Entries provided:
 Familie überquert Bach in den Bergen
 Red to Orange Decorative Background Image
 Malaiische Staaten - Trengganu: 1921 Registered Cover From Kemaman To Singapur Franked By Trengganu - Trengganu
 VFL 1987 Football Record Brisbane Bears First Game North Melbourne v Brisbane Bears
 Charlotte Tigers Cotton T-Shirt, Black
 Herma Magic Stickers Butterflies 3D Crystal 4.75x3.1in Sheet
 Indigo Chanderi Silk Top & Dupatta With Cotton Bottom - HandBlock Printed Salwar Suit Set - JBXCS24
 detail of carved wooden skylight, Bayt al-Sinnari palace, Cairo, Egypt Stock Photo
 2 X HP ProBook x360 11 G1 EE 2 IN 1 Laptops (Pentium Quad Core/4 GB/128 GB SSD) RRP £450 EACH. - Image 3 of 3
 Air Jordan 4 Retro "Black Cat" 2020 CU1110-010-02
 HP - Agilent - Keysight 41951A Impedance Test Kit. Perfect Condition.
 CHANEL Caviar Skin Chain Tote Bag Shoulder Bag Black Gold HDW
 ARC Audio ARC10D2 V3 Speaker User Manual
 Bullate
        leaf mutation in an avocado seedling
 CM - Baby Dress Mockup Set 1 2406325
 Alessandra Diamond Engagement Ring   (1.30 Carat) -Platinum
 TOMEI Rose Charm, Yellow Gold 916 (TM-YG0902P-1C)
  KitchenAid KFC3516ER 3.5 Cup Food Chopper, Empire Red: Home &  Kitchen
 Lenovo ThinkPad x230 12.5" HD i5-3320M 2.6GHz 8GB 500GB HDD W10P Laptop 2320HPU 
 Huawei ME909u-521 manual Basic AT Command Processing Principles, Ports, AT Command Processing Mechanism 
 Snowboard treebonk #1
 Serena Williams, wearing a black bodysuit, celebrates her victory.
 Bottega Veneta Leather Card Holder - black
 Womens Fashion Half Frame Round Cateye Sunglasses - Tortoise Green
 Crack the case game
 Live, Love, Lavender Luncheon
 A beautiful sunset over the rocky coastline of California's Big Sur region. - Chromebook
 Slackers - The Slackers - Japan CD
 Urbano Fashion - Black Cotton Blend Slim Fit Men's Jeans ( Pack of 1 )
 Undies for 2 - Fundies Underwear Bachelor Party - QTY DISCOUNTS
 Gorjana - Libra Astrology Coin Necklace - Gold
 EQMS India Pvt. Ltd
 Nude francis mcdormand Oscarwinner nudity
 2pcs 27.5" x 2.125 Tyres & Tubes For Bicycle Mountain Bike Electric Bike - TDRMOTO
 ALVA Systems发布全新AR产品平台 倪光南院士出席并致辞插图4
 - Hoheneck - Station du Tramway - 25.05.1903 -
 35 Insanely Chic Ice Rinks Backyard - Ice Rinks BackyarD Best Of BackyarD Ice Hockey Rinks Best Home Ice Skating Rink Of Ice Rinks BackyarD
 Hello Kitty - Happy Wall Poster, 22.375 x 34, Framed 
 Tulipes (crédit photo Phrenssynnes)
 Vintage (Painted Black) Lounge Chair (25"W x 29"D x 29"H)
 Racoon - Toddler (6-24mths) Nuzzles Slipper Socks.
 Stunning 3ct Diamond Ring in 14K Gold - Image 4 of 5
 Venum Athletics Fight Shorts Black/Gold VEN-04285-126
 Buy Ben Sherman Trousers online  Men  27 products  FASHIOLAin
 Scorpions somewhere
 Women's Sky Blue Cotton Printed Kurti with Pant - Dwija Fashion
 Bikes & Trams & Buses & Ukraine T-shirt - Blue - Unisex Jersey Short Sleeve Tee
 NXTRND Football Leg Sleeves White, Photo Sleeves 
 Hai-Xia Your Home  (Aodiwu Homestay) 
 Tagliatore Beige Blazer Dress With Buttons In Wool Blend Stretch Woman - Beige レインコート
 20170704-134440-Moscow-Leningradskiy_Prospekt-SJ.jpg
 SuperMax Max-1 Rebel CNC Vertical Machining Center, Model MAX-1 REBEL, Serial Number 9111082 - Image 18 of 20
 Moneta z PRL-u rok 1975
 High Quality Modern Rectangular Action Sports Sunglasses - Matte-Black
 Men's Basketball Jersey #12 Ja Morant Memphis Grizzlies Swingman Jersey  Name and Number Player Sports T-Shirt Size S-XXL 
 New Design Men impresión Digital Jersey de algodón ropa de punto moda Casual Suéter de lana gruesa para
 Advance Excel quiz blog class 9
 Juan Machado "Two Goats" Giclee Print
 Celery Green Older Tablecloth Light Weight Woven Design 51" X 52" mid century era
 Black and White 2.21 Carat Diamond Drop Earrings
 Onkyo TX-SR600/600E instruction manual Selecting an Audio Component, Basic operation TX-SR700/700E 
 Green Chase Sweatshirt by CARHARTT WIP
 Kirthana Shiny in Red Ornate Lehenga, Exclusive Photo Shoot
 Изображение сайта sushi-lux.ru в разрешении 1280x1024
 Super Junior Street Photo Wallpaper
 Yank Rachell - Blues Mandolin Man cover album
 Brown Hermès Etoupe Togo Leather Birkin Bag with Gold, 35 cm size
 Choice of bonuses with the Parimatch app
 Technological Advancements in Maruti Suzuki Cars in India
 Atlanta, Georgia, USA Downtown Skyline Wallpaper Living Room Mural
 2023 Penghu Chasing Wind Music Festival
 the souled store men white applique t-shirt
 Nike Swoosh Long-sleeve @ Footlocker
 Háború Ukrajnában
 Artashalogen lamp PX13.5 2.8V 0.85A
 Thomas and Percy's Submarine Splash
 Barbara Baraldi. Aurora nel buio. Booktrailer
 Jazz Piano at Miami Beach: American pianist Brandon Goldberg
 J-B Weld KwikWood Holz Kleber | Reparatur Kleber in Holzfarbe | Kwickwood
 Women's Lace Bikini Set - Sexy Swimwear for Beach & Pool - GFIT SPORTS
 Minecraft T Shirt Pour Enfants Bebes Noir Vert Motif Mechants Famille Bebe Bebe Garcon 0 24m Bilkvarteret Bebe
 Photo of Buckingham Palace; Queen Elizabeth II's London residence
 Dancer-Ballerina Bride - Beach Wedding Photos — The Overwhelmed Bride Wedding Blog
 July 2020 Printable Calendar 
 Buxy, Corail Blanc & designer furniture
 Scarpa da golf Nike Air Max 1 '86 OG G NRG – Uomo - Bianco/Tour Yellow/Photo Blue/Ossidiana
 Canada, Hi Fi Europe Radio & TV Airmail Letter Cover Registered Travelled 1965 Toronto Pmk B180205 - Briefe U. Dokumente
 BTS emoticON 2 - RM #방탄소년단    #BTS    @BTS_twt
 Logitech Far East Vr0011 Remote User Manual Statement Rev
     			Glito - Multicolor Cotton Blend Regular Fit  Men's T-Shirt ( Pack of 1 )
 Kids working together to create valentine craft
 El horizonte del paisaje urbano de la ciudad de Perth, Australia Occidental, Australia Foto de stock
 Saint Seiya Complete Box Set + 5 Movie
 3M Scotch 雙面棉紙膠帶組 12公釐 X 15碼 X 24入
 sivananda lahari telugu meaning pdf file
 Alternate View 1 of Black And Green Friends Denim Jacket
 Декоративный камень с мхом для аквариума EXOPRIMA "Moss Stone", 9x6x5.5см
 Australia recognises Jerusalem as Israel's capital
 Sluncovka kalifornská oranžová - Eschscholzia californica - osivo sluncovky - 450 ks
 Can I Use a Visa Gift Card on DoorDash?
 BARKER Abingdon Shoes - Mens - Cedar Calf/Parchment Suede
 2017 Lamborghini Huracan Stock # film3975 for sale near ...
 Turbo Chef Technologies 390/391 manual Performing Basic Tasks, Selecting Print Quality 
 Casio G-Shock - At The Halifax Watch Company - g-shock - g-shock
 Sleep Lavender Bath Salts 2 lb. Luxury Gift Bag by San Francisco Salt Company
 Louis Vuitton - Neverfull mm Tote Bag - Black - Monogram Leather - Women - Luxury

Task:
In the listing above, locate the line with "Charlotte Tigers Cotton T-Shirt, Black" and the line with "Lenovo ThinkPad x230", then extract exactly those lines and every line between them, and nothing more.

Written answer:
 Charlotte Tigers Cotton T-Shirt, Black
 Herma Magic Stickers Butterflies 3D Crystal 4.75x3.1in Sheet
 Indigo Chanderi Silk Top & Dupatta With Cotton Bottom - HandBlock Printed Salwar Suit Set - JBXCS24
 detail of carved wooden skylight, Bayt al-Sinnari palace, Cairo, Egypt Stock Photo
 2 X HP ProBook x360 11 G1 EE 2 IN 1 Laptops (Pentium Quad Core/4 GB/128 GB SSD) RRP £450 EACH. - Image 3 of 3
 Air Jordan 4 Retro "Black Cat" 2020 CU1110-010-02
 HP - Agilent - Keysight 41951A Impedance Test Kit. Perfect Condition.
 CHANEL Caviar Skin Chain Tote Bag Shoulder Bag Black Gold HDW
 ARC Audio ARC10D2 V3 Speaker User Manual
 Bullate
        leaf mutation in an avocado seedling
 CM - Baby Dress Mockup Set 1 2406325
 Alessandra Diamond Engagement Ring   (1.30 Carat) -Platinum
 TOMEI Rose Charm, Yellow Gold 916 (TM-YG0902P-1C)
  KitchenAid KFC3516ER 3.5 Cup Food Chopper, Empire Red: Home &  Kitchen
 Lenovo ThinkPad x230 12.5" HD i5-3320M 2.6GHz 8GB 500GB HDD W10P Laptop 2320HPU 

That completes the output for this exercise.